Modeling of Ga1−xInxAs1−y−zNySbz/GaAs quantum well properties for near-infrared lasers

Abstract

The aim of this work is to model the properties of GaInAsNSb/GaAs compressively strained structures. Indeed, Ga1−xInxAs1−y−zNySbz has been found to be a potentially superior material to GaInAsN for long wavelength laser dedicated to optical fiber communications. Furthermore, this material can be grown on GaAs substrate while having a bandgap smaller than that of GaInNAs. The influence of nitrogen and antimony on the bandgap and the transition energy is explored. Also, the effect of these two elements on the optical gain and threshold current density is investigated.

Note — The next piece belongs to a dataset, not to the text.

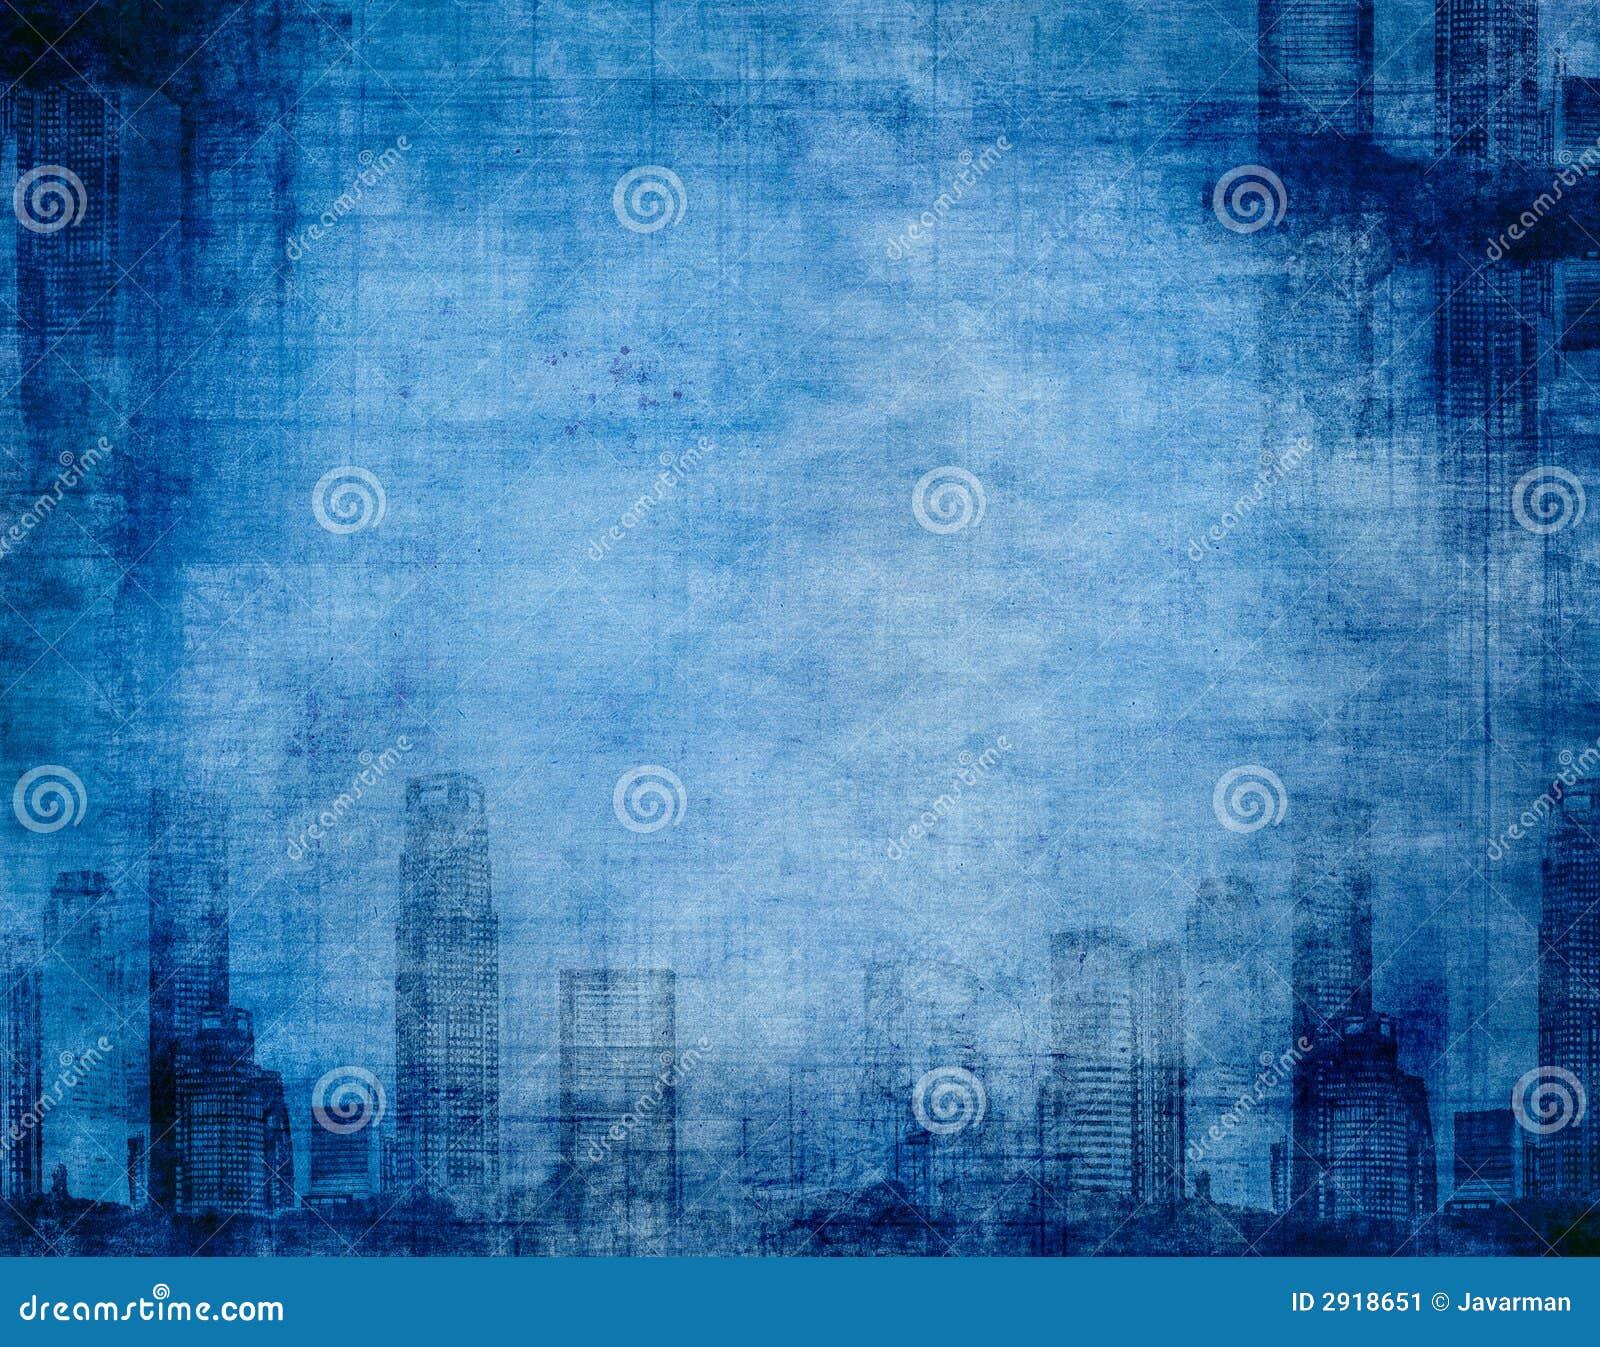 Grunge city blue

For example, a structure composed of one 7.5nm thick quantum well of material with In=30%, N=3.5%, Sb=1% composition exhibits a threshold current density of 339.8A/cm2 and an emission wavelength of 1.5365μm (at T=300K). It can be shown that increasing the concentration of indium to 35% with a concentration of nitrogen and antimony, of 2.5% and 1%, respectively, results in a decrease of the threshold current density down to 253.7A/cm2 for a two well structure. Same structure incorporating five wells shows a threshold current density as low as 221.4A/cm2 for T=300K, which agrees well with the reported experimental results.